Saturday 24 May 2014

The 6 week slump...

The view from our front yard in Vaoala, Samoa, 2008
About 6 years ago I sitting on the grass in our front yard in Vaoala, looking at this view, and bawling my eyes out, crying into Michael's shoulder. He doesn't remember it, but I do because I was the one crying. We'd been in Samoa for 6 weeks and I was hitting the "6 week slump" hard. We had been warned, probably at our Pre-Departure Training (PDT) for the Australian Youth Ambassadors for Development (AYADs) in Canberra, that at about 6 weeks we would probably have a little breakdown, not be happy with things, want to throw in the towel, etc. etc., but this was normal and things would improve.

Looking at this photo, I find it hard to imagine ever being unhappy there. Samoa is a beautiful country, and where we lived for most of that year was possibly one of the best spots around Apia, and for the most part, Michael and I loved it there.

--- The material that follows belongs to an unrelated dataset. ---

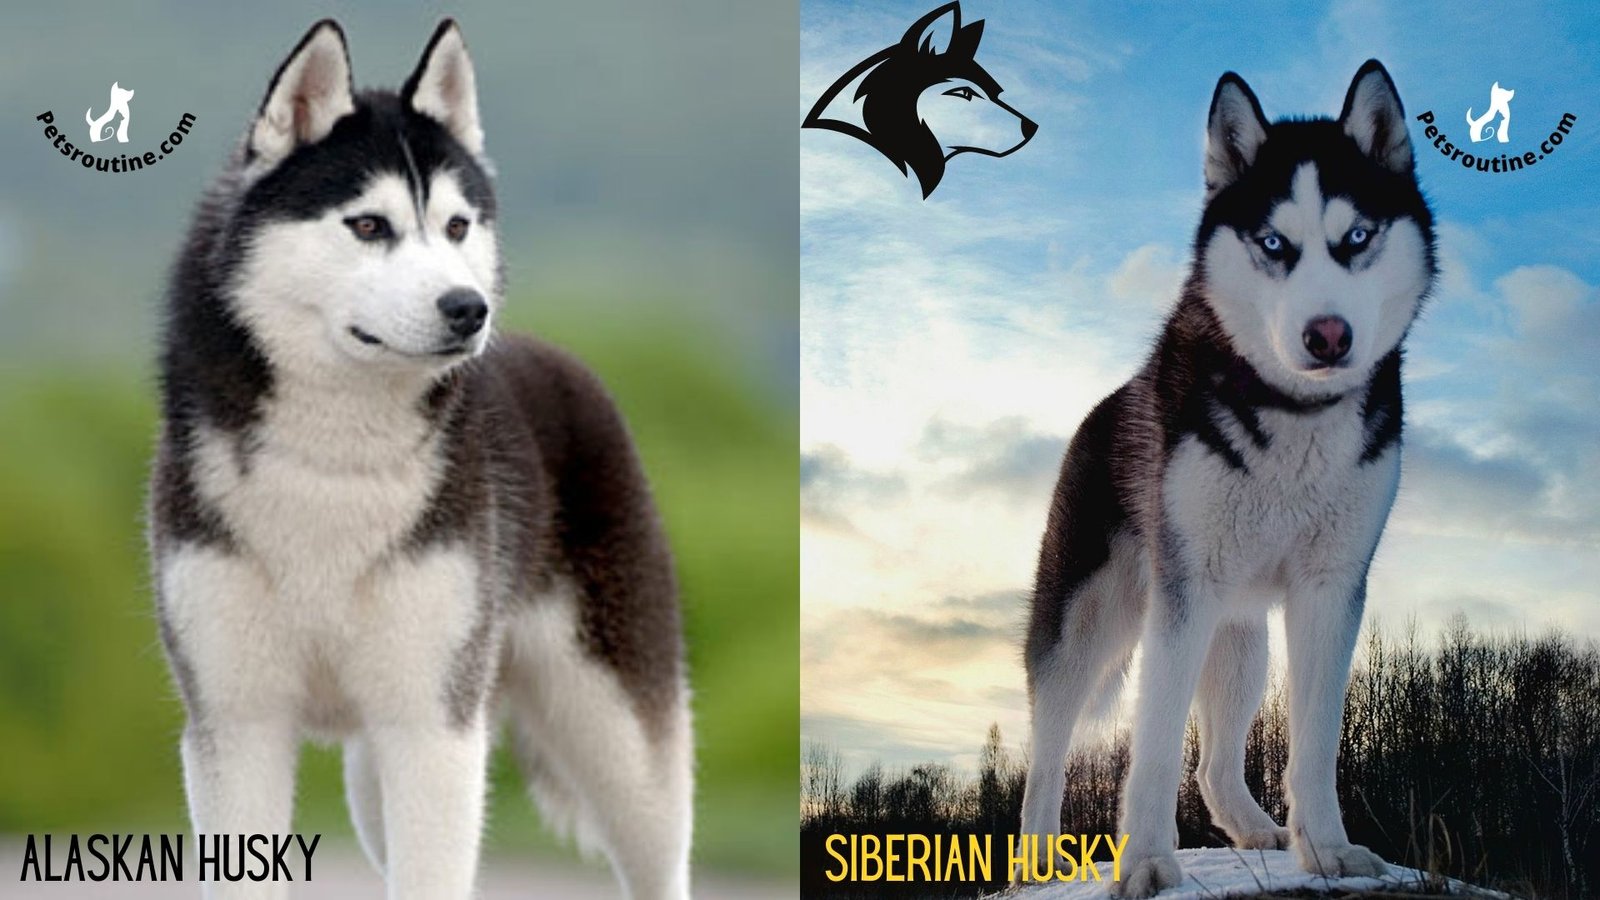 Alaskan husky vs Siberian husky

But I was miserable that afternoon. Just plain miserable. It wasn't that I wanted to go home and I wasn't really homesick, but I missed my anonymity, I just wanted to be able to walk around Apia without having guys call out "hey pretty" or "want a Samoan boyfriend"* or similar, I was probably frustrated with our limited internet access, I missed public toilets that came with toilet paper and soap as standard features, I missed being able to go where I wanted when I wanted because I was a little scared of the dogs in the area, I wanted to be able to eat whatever and not have to worry about whether or not it would make me sick, and I was probably a little over not being about to drink water straight from a tap.

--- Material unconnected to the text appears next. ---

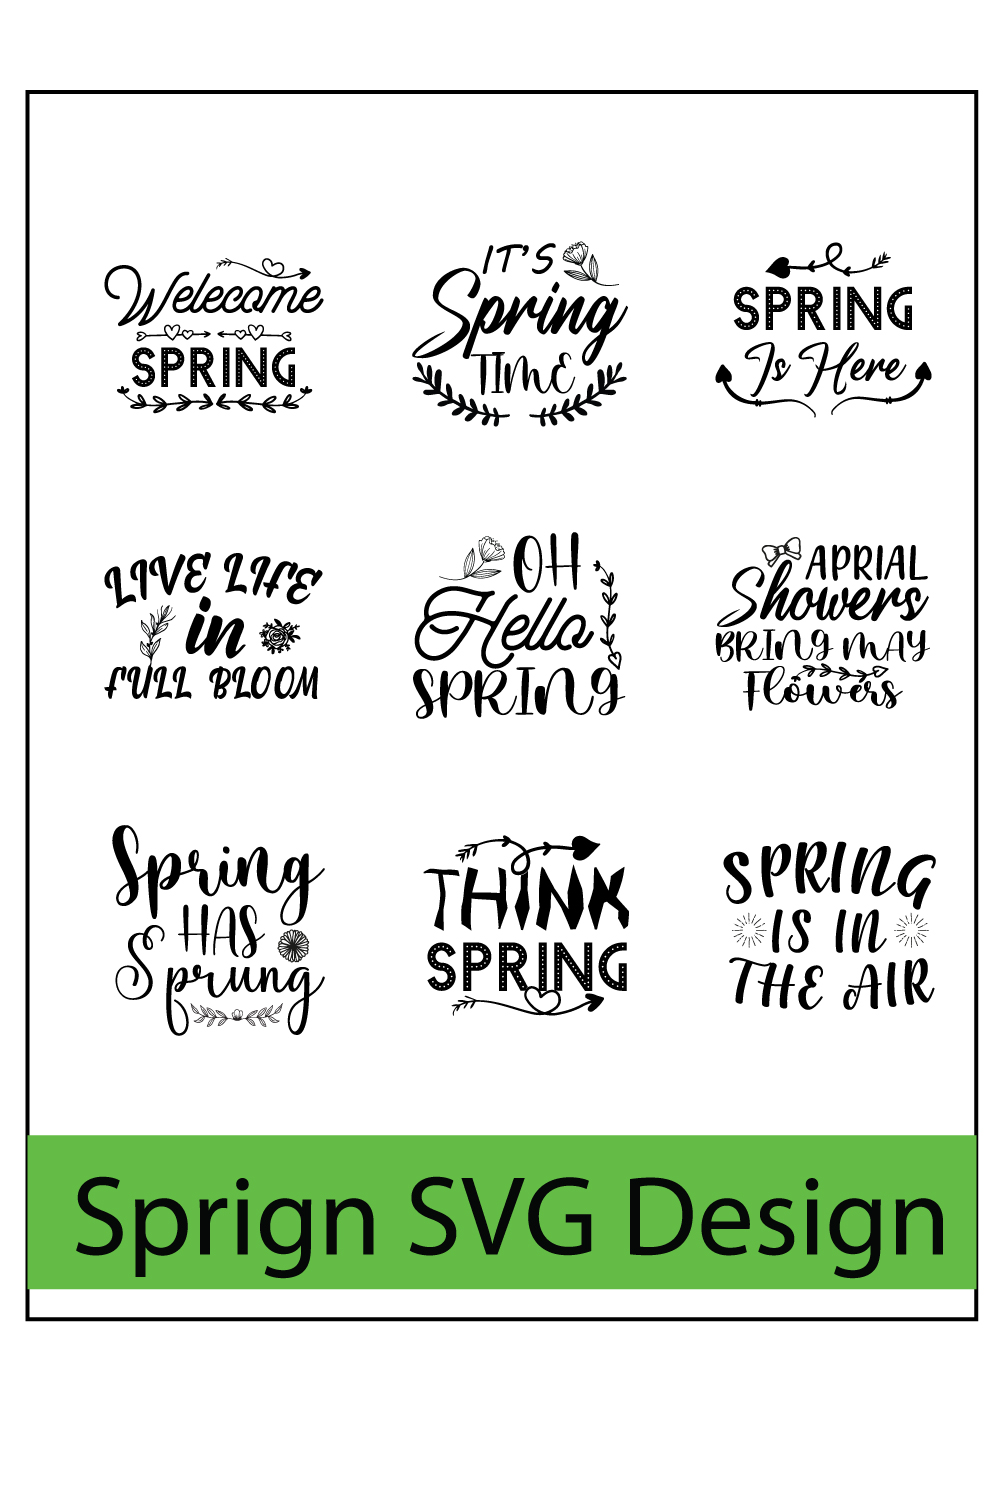 Spring Quotes SVG Designs Bundle pinterest image.

Well, I hit slump last night. We've been here for just over 7 weeks, but Michael has been at work for 6 weeks now, so we've been living this new rhythm for just on 6 weeks. I'm still a little that way today, so writing about it at length isn't easy, so I'll be brief: family and friends know that you are missed; JNY, our car, you are missed but not by Jimmy (sorry...); our bicycles, oh how we miss you; Brisbane City Council buses you are also missed, as are you, foamy cafe latte's. It's mostly the physical isolation and not having spent much time with another young mum in a month or more, but a good cry and a pledge to go to bed before 10 pm from now on, plus plans to finally contact the playgroup people and hire a car for next weekend, and I'm getting there. Michael is not entirely happy either, so provided we get work in Australia for next year, we'll only be away from home for 12 months.

Oh and I think I have mastitis, which doesn't help... and Jimmy is a drooling, teething mess with only 2 teeth to show for it...

It's been a rough few weeks, but we're still alive, with food in our bellies and cupboards, a solid apartment to live in, and a good internet connection.

*I need to say that Samoans are lovely people, and that it is a safe country to visit, and that these invitations were always made in good humour and never with any malice, but it was annoying.